Separation Results between Fixed-Kernel and Feature-Learning Probability Metrics

Authors: Carles Domingo i Enrich, Youssef Mroueh

NeurIPS 2021 | Conference PDF | Archive PDF | Plain Text | LLM Run Details

Reproducibility Variable Result LLM Response
Research Type Experimental To validate and clarify our findings, we perform experiments of the settings studied Sec. 5, Sec. 6 and Sec. 7. We use the Re Lu activation function σ(x) = (x)+, although remark that the results of Sec. 5 hold for a generic activation function, and the results of Sec. 6 and Sec. 7 hold for non-negative integer powers of the Re Lu activation. The empirical estimates in the plots are detailed in App.
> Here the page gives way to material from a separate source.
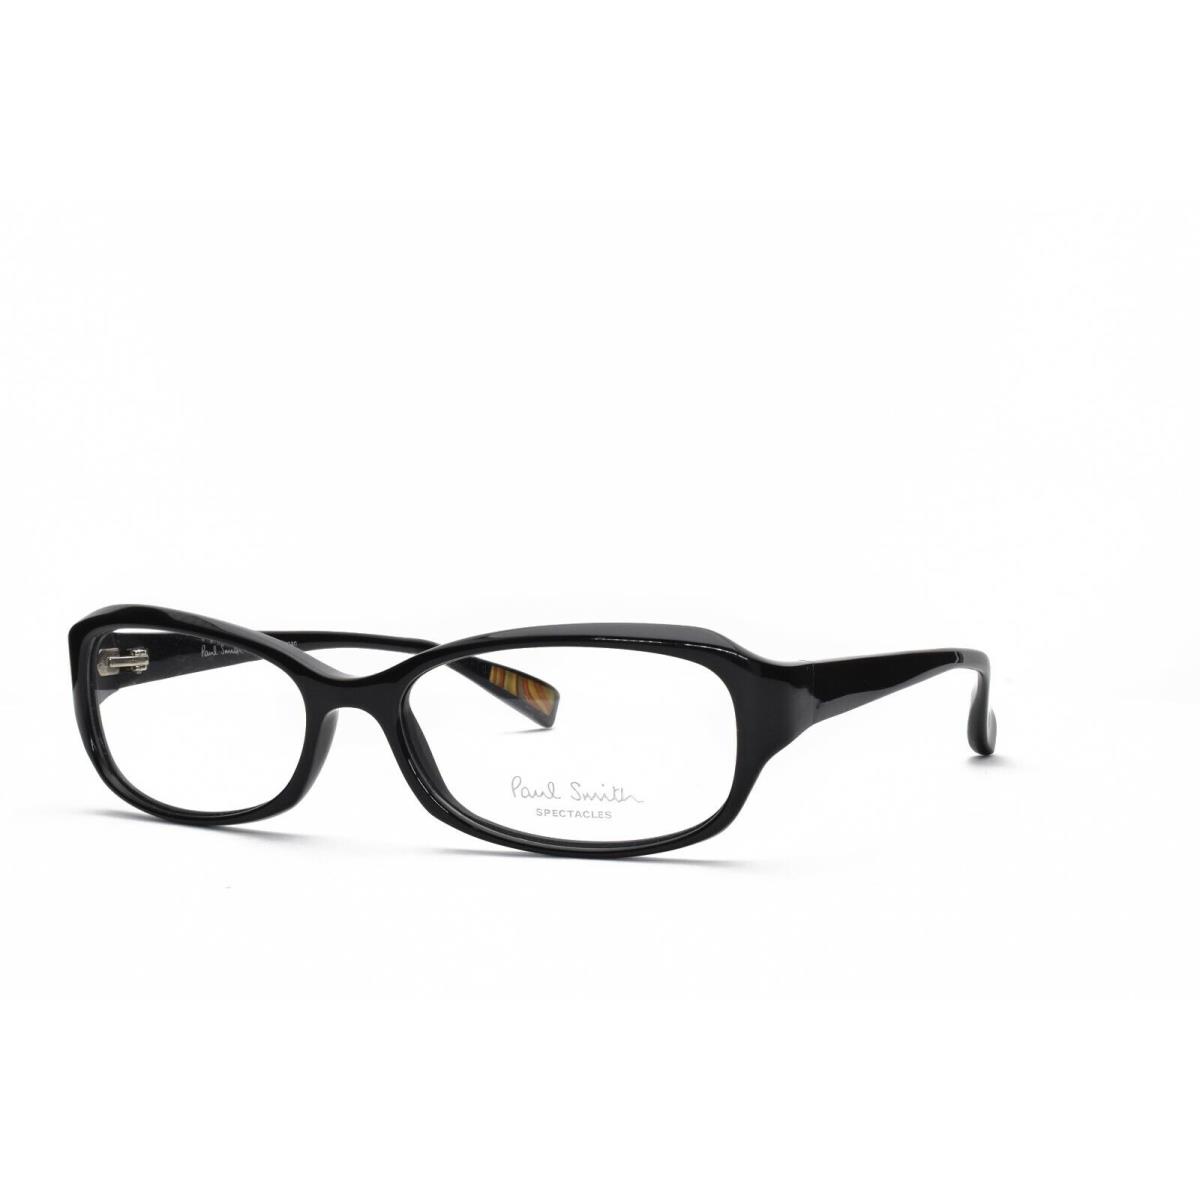 Paul Smith PS 289 OX Eyeglasses Frames Only 53-17-130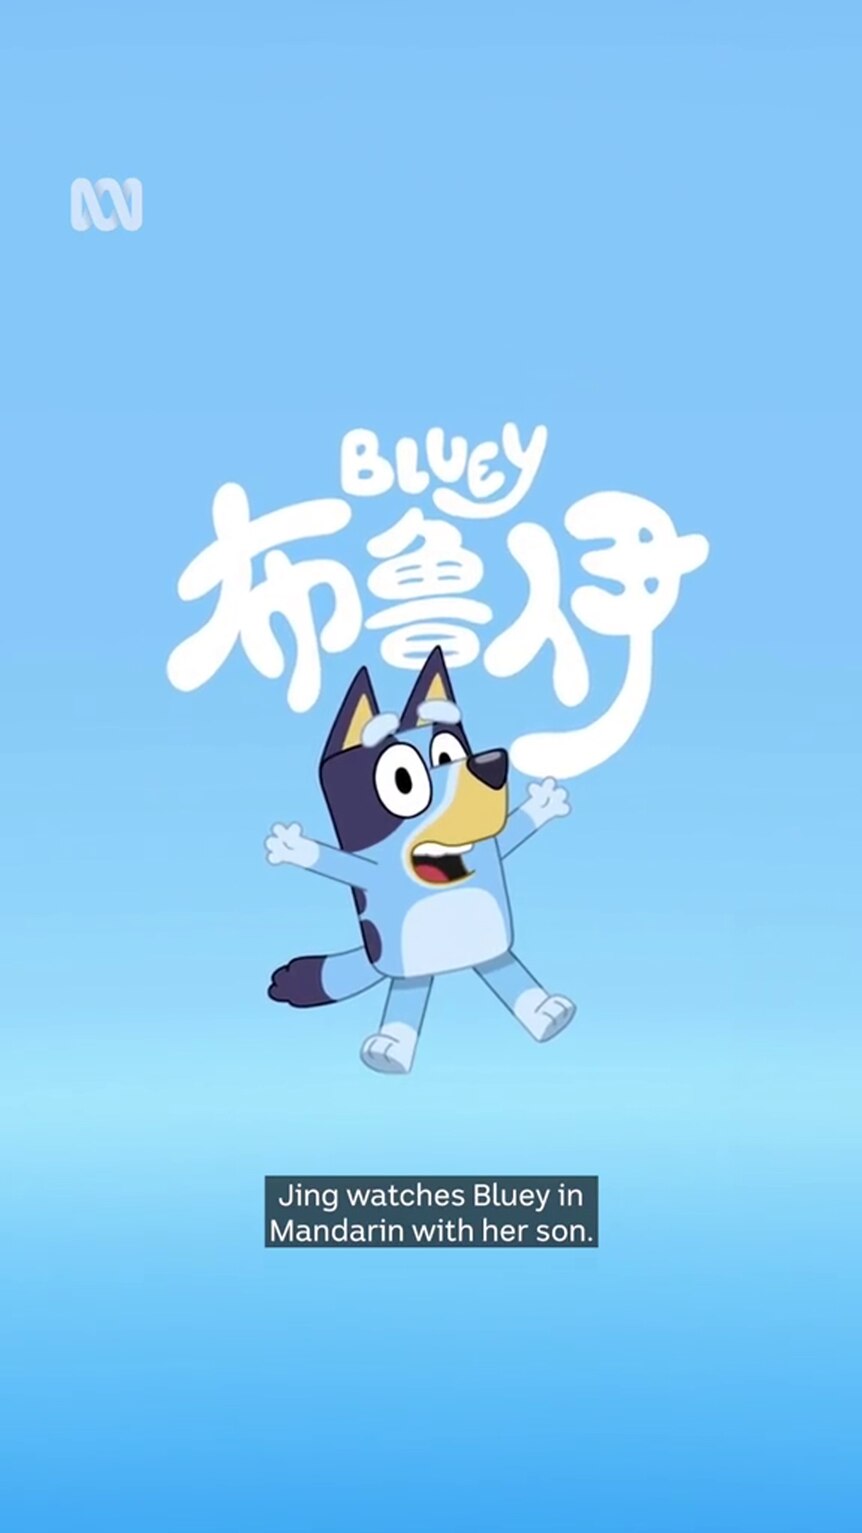 Bluey appears on a blue background with three large Chinese characters above her head

G. They are averaged over 10 repetitions; the error bars show the maximum and minimum.
Researcher Affiliation Collaboration Carles Domingo-Enrich Courant Institute of Mathematical Sciences (NYU) cd2754@nyu.edu Youssef Mroueh IBM Research AI mroueh@us.ibm.com
Pseudocode No The paper provides mathematical definitions and descriptions of methods but does not include any explicitly labeled pseudocode or algorithm blocks.
Open Source Code No The paper does not contain any explicit statement about releasing source code for the described methodology, nor does it provide a link to a code repository.
Open Datasets No The paper constructs specific probability measures µd and νd for its experiments and uses 'samples of µd and νd' or 'a standard multivariate Gaussian and a Gaussian with unit variance', but it does not state that these are publicly available datasets or provide access information for them.
Dataset Splits No The paper describes using a certain number of samples for empirical estimates (e.g., '4400 million samples of µd and νd are used'), but it does not specify any training, validation, or test dataset splits.
Hardware Specification No The paper describes experiments but does not specify any hardware details such as GPU models, CPU types, or memory specifications.
Software Dependencies No The paper mentions the ReLU activation function but does not provide any specific software names with version numbers that are necessary for replication.
Experiment Setup No The paper mentions the use of the ReLU activation function and the number of samples used for estimates (e.g., '4400 million samples'), but it does not provide specific hyperparameter values like learning rates, batch sizes, optimizer settings, or detailed training configurations in the main text.